A Palaeolithic axehead was found somewhere in the area. Roman coins were found in 1856 and 1978 in Cocker Beck, and the later finds were dated 308–346 AD. Bishop Bek ordered a tower to be built in Low Coniscliffe in the 13th century; the site is unknown, but it may be the site of the manor house. There is an unknown site of a gallows, pre−1293 AD, south of the Tees, and west of Howden Hill Farm. The extreme south−west end of the present built−up area of the village is probably the site of the old medieval manor house, 1066–1540. The site includes earthwork enclosures, and a 1960s excavation revealed a 15th–16th century round dovecote.
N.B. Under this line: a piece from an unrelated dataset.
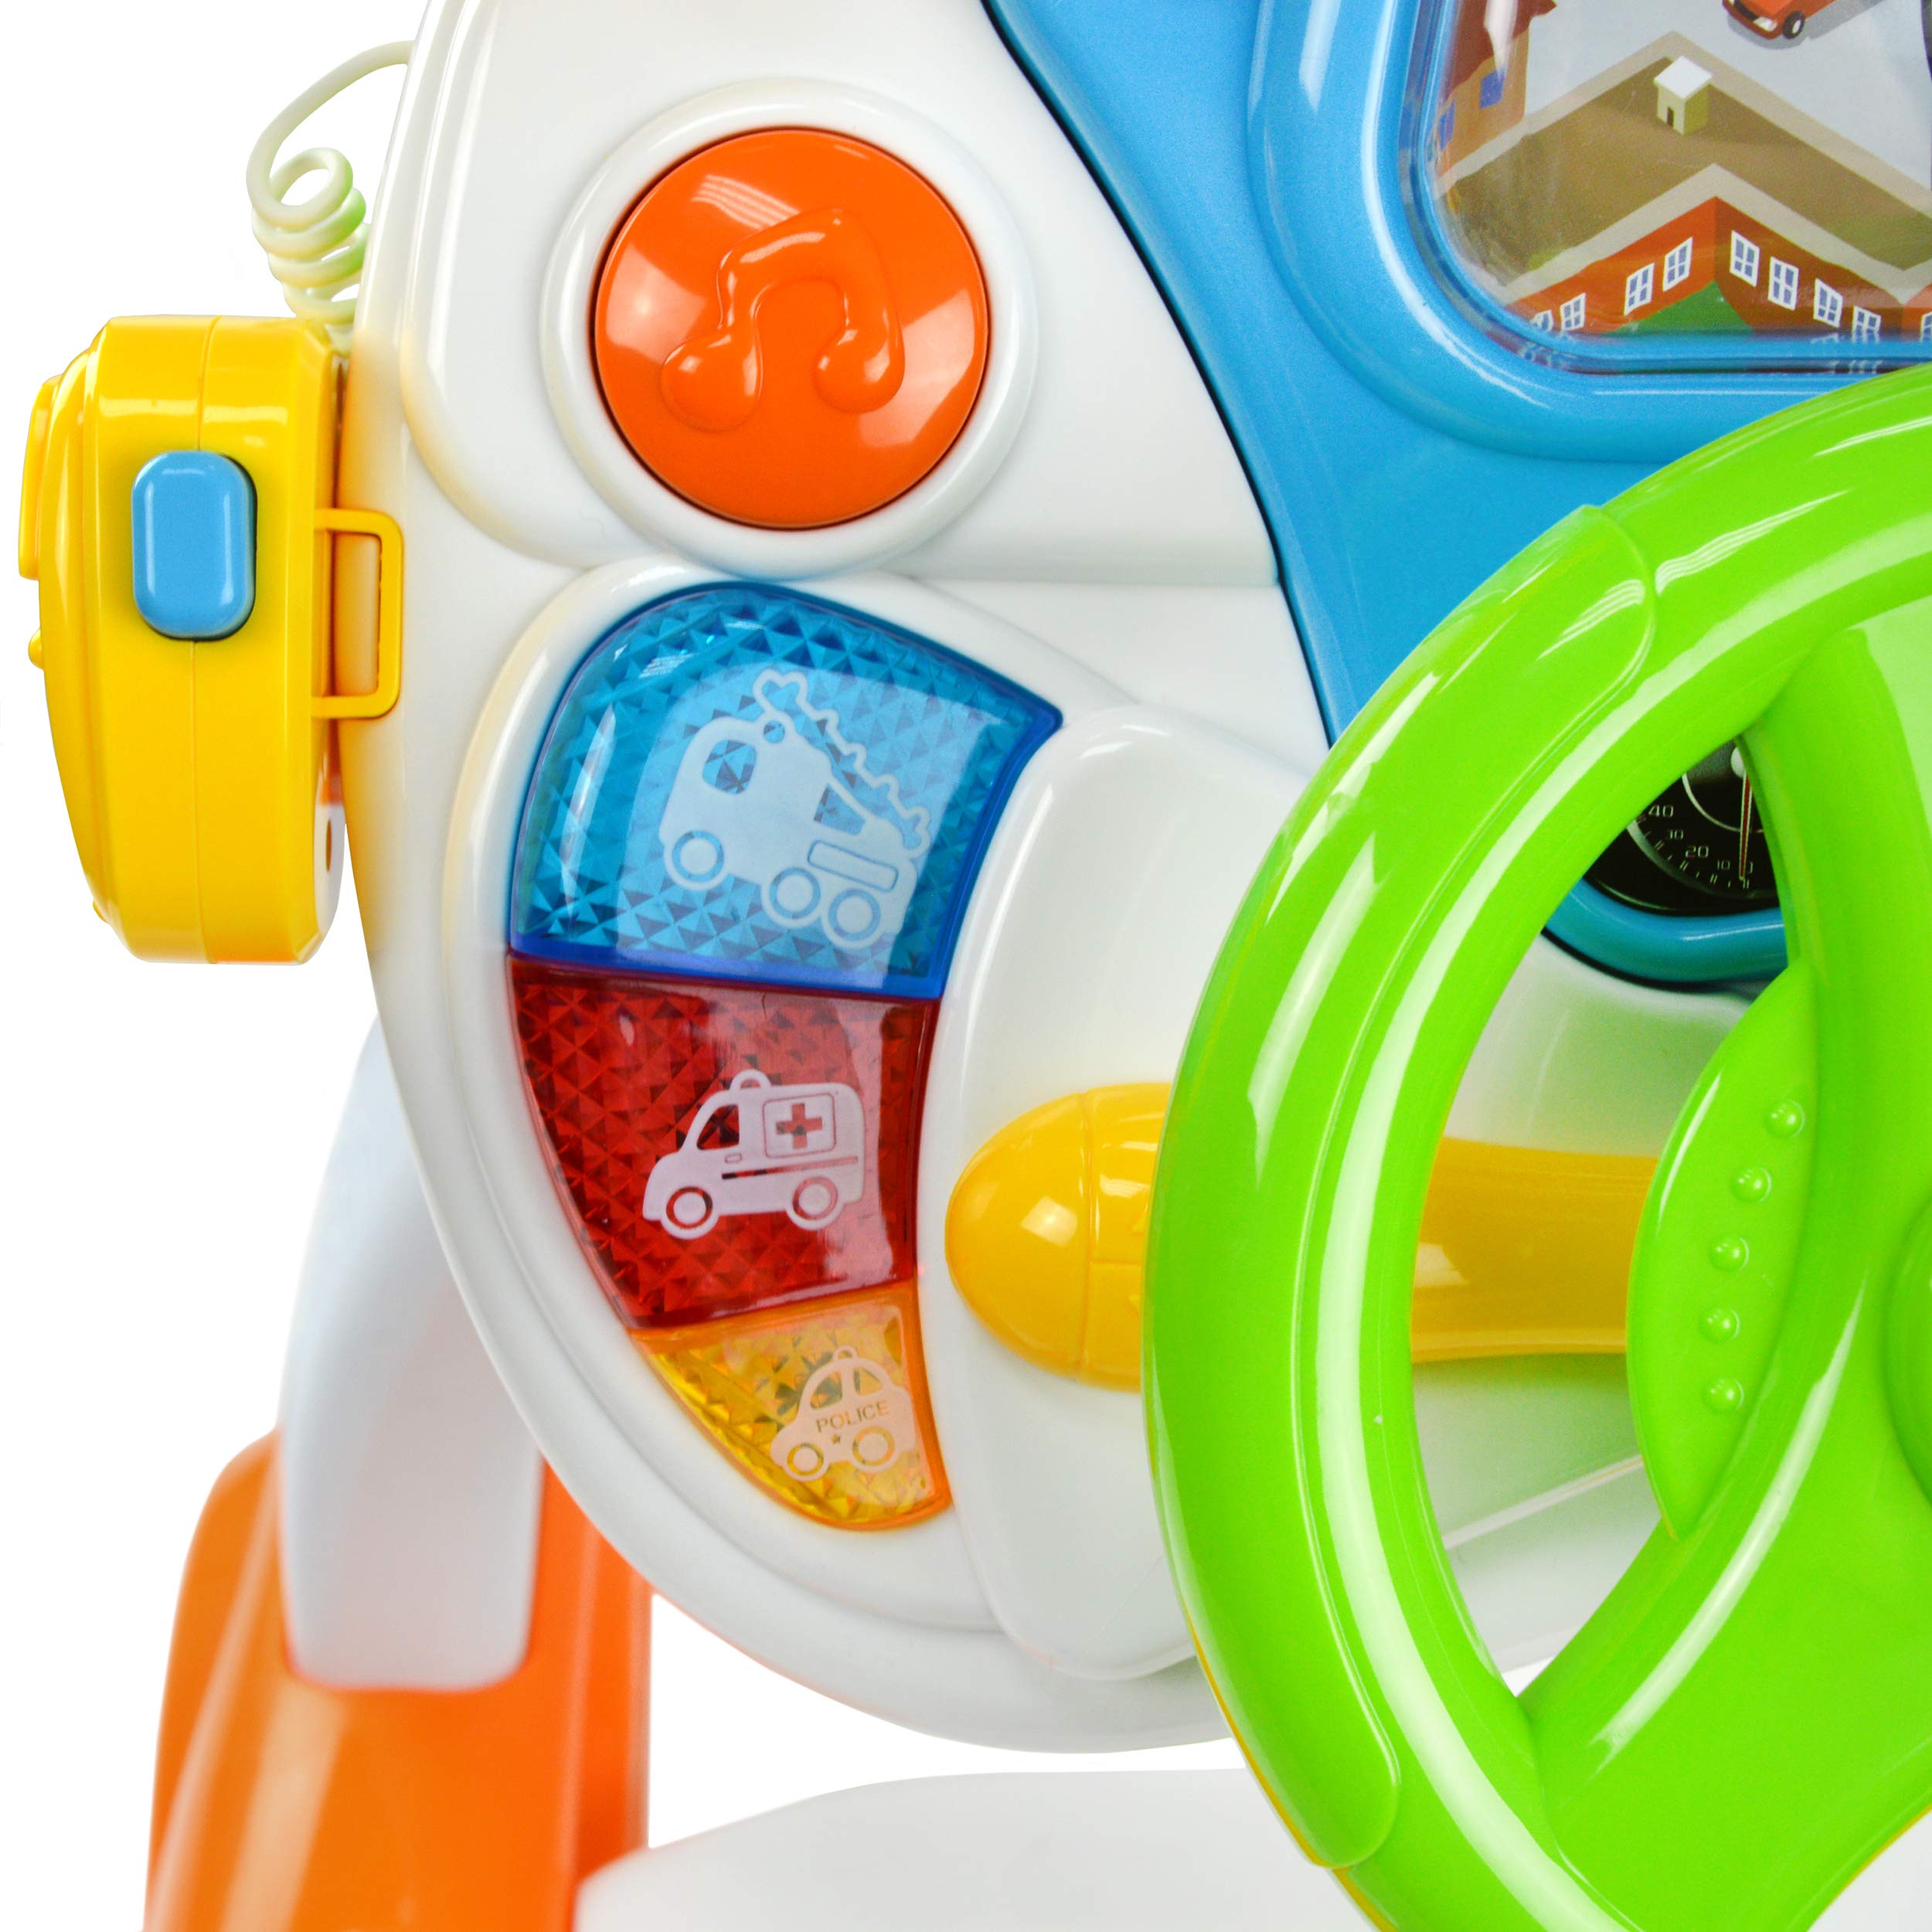 Baby Interactive Simulation Toys - Play Pretend Realistic Driving Play Station for Toddlers and Young Children - Battery Operated - Lights up with Sounds

There is supposed to be another dovecote here; location unknown. The house at the south−west end of the village, numbers 55–57, is a 17th-century listed building: a roughcast brick and rubble structure with a pantiled roof. This is a pair of houses; once a farmhouse with a cottage on the right. Well Bank House, number 20 near the south−east corner of the village, is a listed building dated around the late 18th to early 19th century. Like numbers 55–57 it is built of roughcast rubble with a pantiled roof, and this building contains a 19th-century iron range.

==Low Coniscliffe today==
It is now a dormitory village for Darlington, and there is no school; the nearest post office is at Mowden Park in Darlington. The Baydale Beck Inn serves real ale and permits dogs in the bar.

Just to the east of the village is Tees Cottage Pumping Station, a Victorian pumping station now opened as a museum containing a 1904-built rotative beam engine, and a 1914 gas engine, believed to be the largest working preserved example in Europe.